The Supreme Court has repeatedly held that mere economic protectionism, without a legitimate public purpose, may not suffice.

In City of Cleburne v. Cleburne Living Center, the Court stated:

“The Equal Protection Clause requires that classifications… be rationally related to a legitimate state interest.”⁵

More directly relevant are cases addressing economic favoritism.

In Metropolitan Life Insurance Co. v. Ward, the Court struck down a state tax scheme that discriminated against out-of-state insurers, holding:

“Promotion of domestic business by discriminating against nonresident competitors is not a legitimate state purpose.”⁶

Although Ward arose in an interstate context, its reasoning reflects a broader constitutional principle: naked protectionism is not itself a legitimate governmental objective.

Lower courts have likewise invalidated licensing classifications where distinctions lacked rational connection to public safety or welfare.⁷

IV. Cannabis Licensing Classifications

Modern state cannabis regimes often include:

  • Residency requirements
  • Ownership caps
  • Social equity carve-outs
  • Prior-conviction eligibility criteria
  • Vertical integration mandates
  • License caps tied to geographic distribution

Each of these creates classifications among economic actors.
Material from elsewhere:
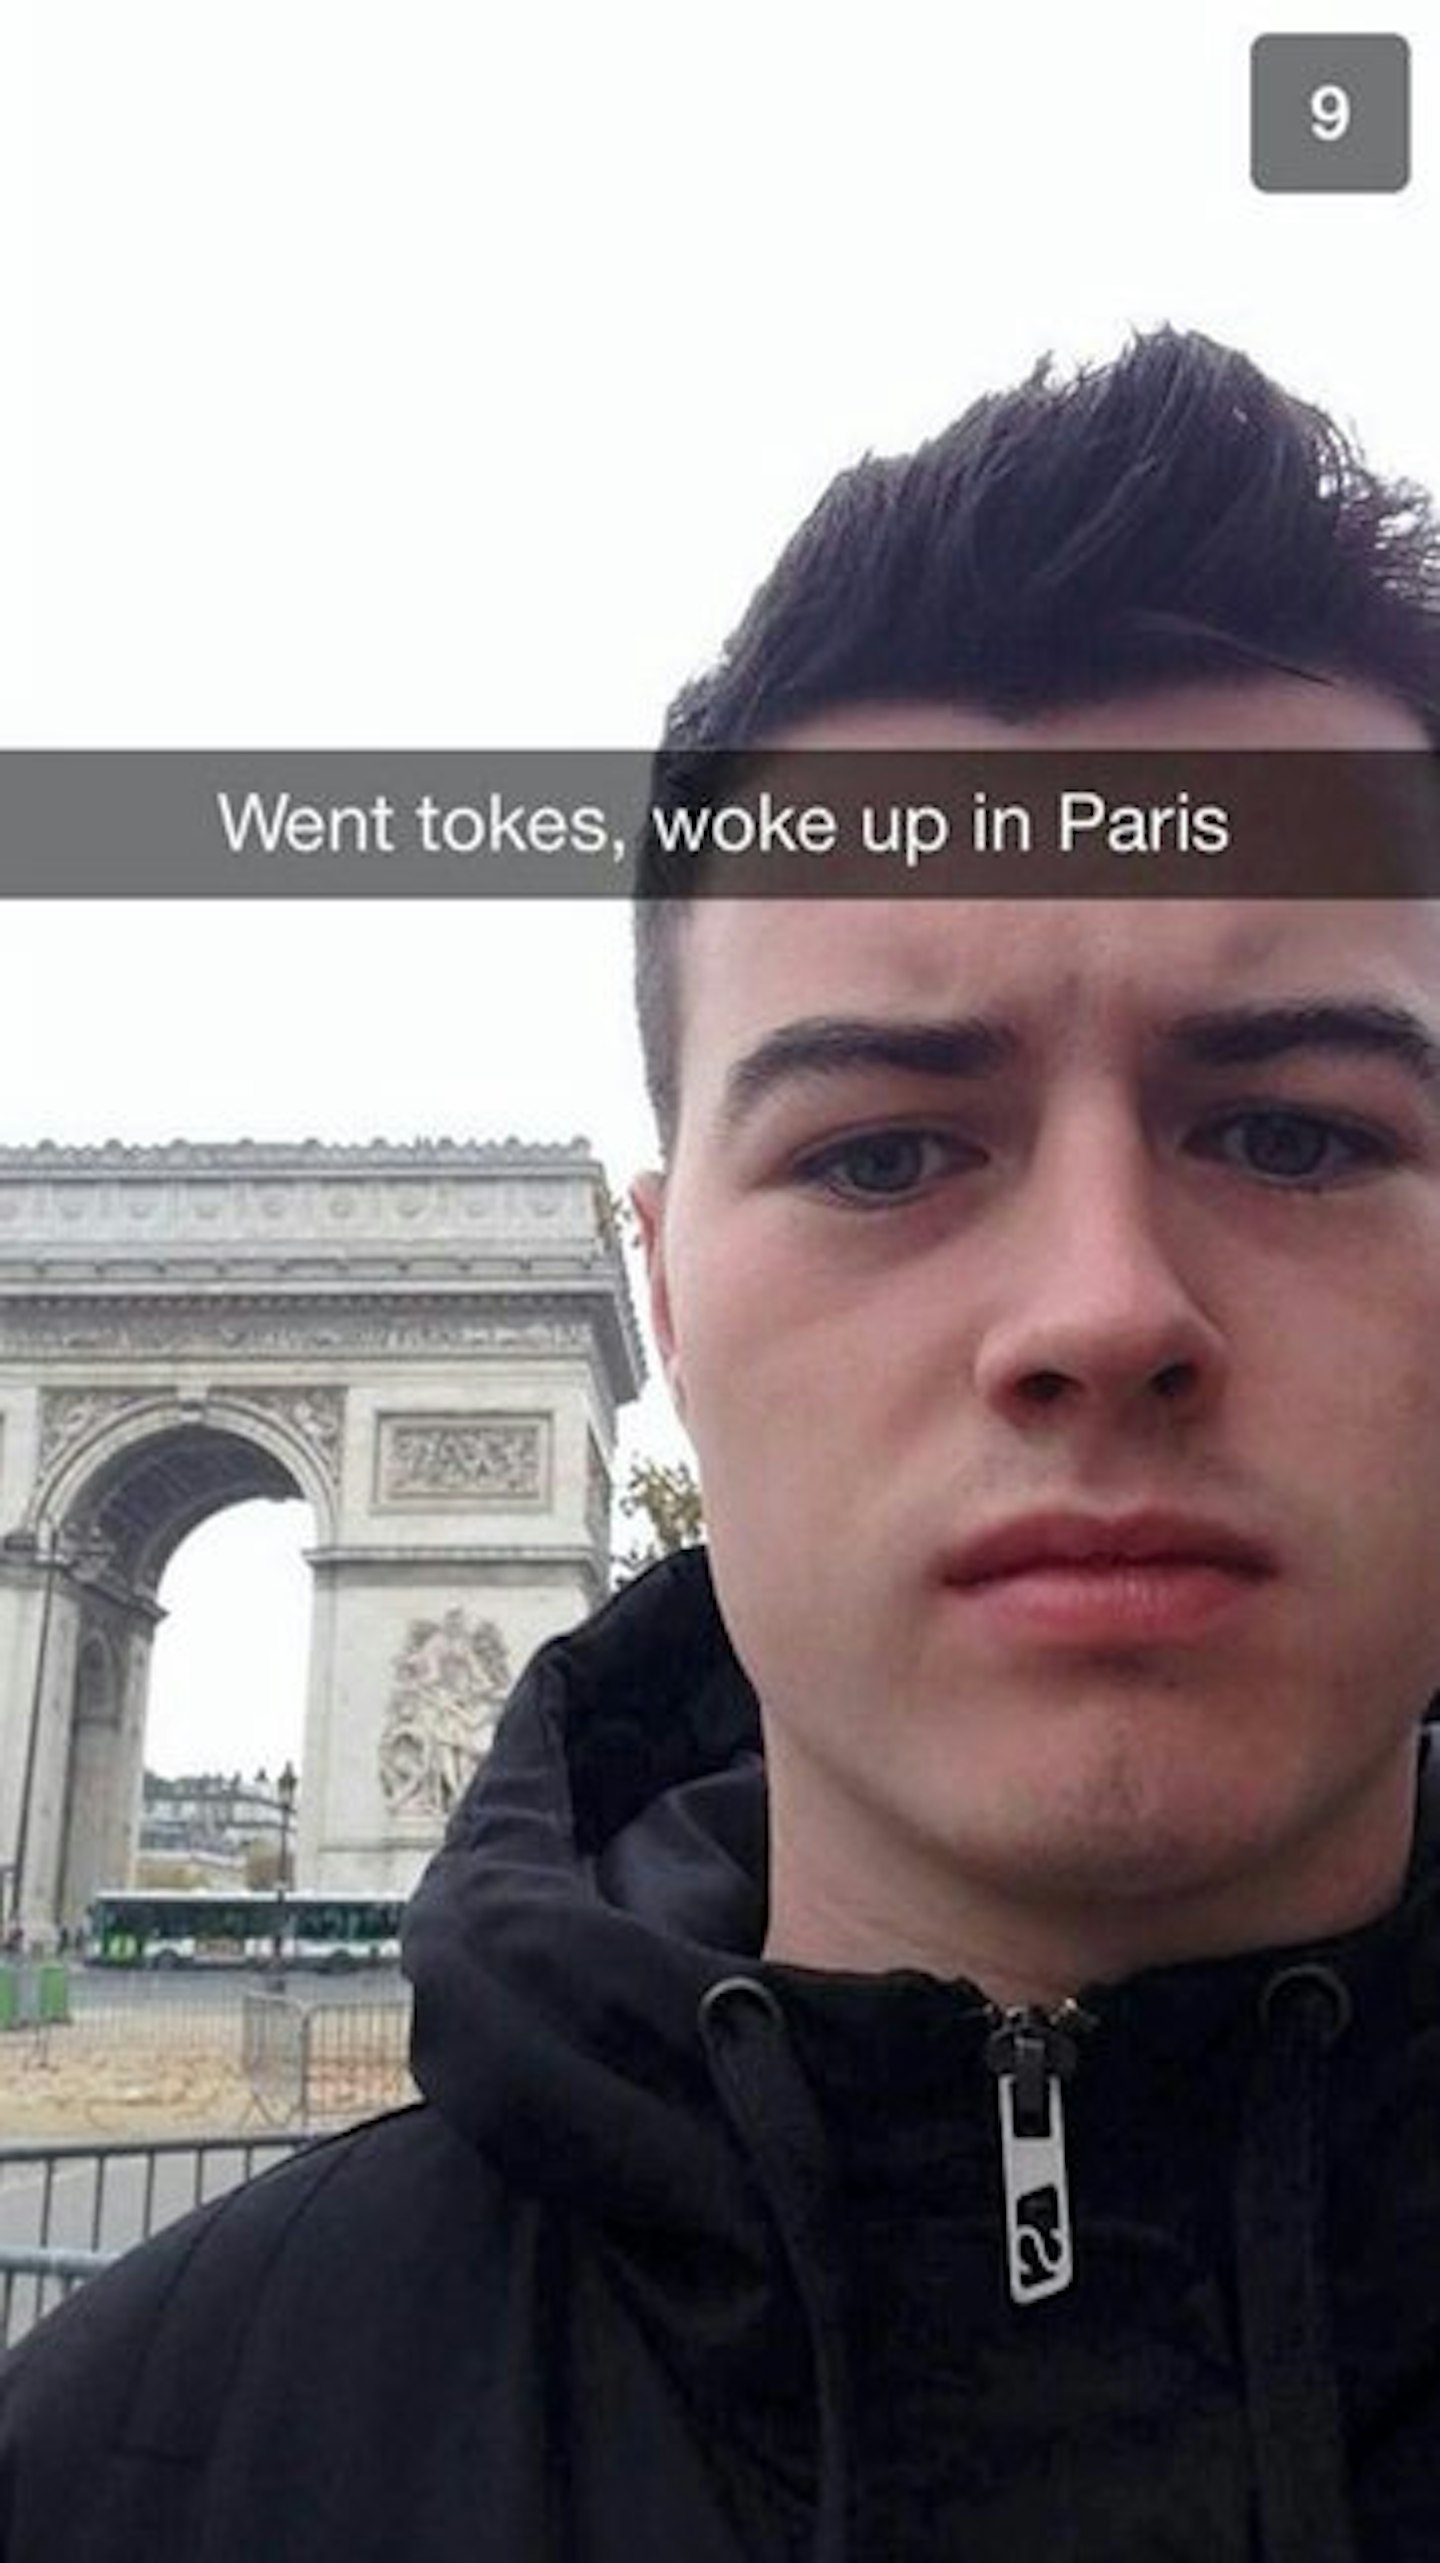 Luke sent this picture of him in Paris after waking up there following a drunken night in Manchester

Under rational basis review, the state need only show that these classifications serve a legitimate purpose such as:

  • Remediation of past criminalization harms
  • Ensuring local accountability
  • Preventing monopolization
  • Protecting public health and safety

But the classification must be rationally related to that purpose.

V. Remedial Classifications and Constitutional Boundaries

States frequently justify social equity programs as remedial.

Courts generally afford deference to remedial programs that target documented harms from past enforcement — for example, disproportionate criminalization in particular communities — provided the classifications avoid suspect categories triggering strict scrutiny and maintain a rational nexus to those harms.⁸

Where classifications are explicitly race-based, strict scrutiny applies.⁹

Where classifications are geographic, residency-based, or economic, rational basis typically governs.

Recent litigation reflects this evolving boundary.

Emerging challenges to geographic “disproportionately impacted area” qualifiers illustrate how courts may probe whether such criteria are genuinely remedial or risk arbitrary exclusion — though rational basis deference remains the baseline.¹⁰

In Jensen v. Rhode Island Cannabis Control Commission, the First Circuit revived Equal Protection claims challenging Rhode Island’s licensing structure, allowing plaintiffs to proceed past dismissal where they plausibly alleged arbitrary geographic discrimination.¹⁰

Other jurisdictions have upheld social equity geographic frameworks under rational basis review where legislatures documented enforcement disparities and articulated a remedial connection.¹¹

The constitutional inquiry is not whether remediation is permissible.

It is whether the classification rationally advances the remedial objective rather than serving as economic gatekeeping.

VI. Interaction with Dormant Commerce Clause Doctrine

Equal Protection and Dormant Commerce Clause doctrines may overlap but are distinct.

  • The Dormant Commerce Clause addresses interstate discrimination.
  • Equal Protection addresses unjustified classification among persons.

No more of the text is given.